Aşırı sağcı Ulusal Güvenlik Bakanı Itamar Ben-Gvir ve Maliye Bakanı Bezalel Smotrich’e atıfta bulunan kaynak, “Netanyahu ve Ben-Gvir ile Smotrich liderliğindeki sağcı hükümeti, özellikle İsrail toplumundaki güven krizi ve derin bölünmelerin gölgesinde, savaşın devamını iç siyasi kaldıraç olarak görüyor” dedi.

Kaynak, İsrail'in sahada herhangi bir ilerleme kaydetmesinin daha fazla yıpranma, daha derin güvenlik açıkları ve muhtemelen daha fazla asker veya esir kaybıyla karşılanacağını vurguladı.

İsrail medyasına göre, güvenlik kabinesi dün Binyamin Netanyahu başkanlığında toplanarak işgal planını görüştü.

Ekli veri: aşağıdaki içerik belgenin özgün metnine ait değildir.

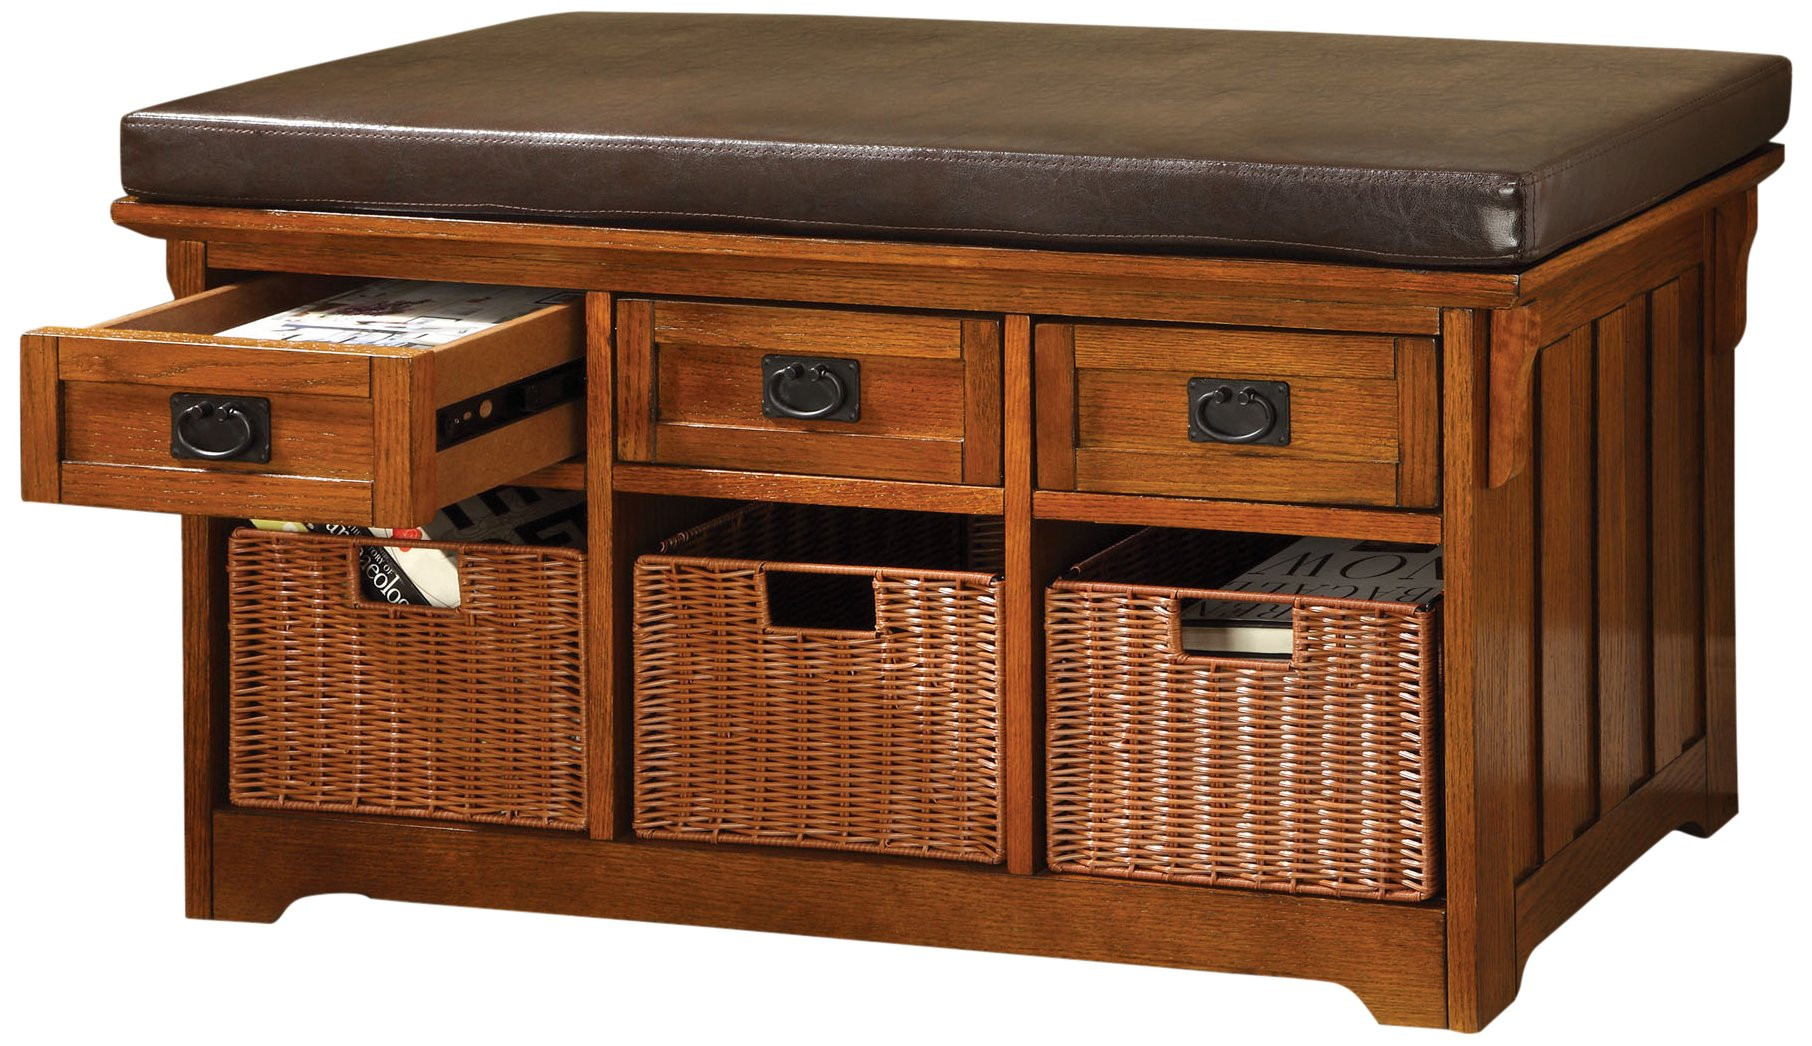 Storage Bench With Baskets
 Entryway Bench with Baskets Amazon

Salı günkü toplantıda, iç anlaşmazlıklar ve Aralık 2023 ve Ocak 2025'te yapılan iki ateşkesin ardından üçüncü bir ateşkes için yürütülen müzakerelerin çıkmaza girmesi nedeniyle bu konu karara bağlanamamıştı.

Haaretz gazetesi, “Netanyahu bu planla akıntıya karşı yüzüyor ve Gazze Şeridi'ndeki esirlerin ve askerlerin hayatlarını feda ediyor” diye yazdı.

Gazete, bir hükümet yetkilisinin “Birçok kişi, Gazze Şeridi'ni tamamen işgal etme tehdidinin sadece bir taktik ve baskı girişimi olduğunu düşünüyor” dediğini aktardı. Yetkili, ‘Netanyahu'nun Genelkurmay Başkanı Eyal Zamir'i görevden almayacağını ve dünkü toplantıda kararlılık göstermek için sınırlı bir askeri operasyon üzerinde anlaşabileceklerini’ belirtti.

İsrail ordusu şu anda Gazze Şeridi'nin yüzde 75'ini kontrol ettiğini söylese de, üç İsrailli yetkili Reuters'a verdikleri demeçte, Zamir'in Netanyahu'nun geri kalan bölümü işgal etme önerisine karşı çıktığını söyledi. Dördüncü bir yetkili ise Netanyahu'nun ‘Hamas'a baskı yapmak’ amacıyla Gazze Şeridi'ndeki askeri operasyonları genişletmeyi planladığını söyledi.

Toplantının sonuçlarına ilişkin tartışma, ABD Başkanı Donald Trump'ın gazetecilere, İsrail'in planlarından haberi olmadığını, ancak Gazze Şeridi'nin tamamını işgal etmeye ilişkin herhangi bir kararın ‘İsrail'e ait’ olduğunu söylemesinin ardından geldi. Yedioth Ahronoth gazetesi, ABD'nin Gazze Şeridi'nin işgaline yeşil ışık yaktığını bildirdi.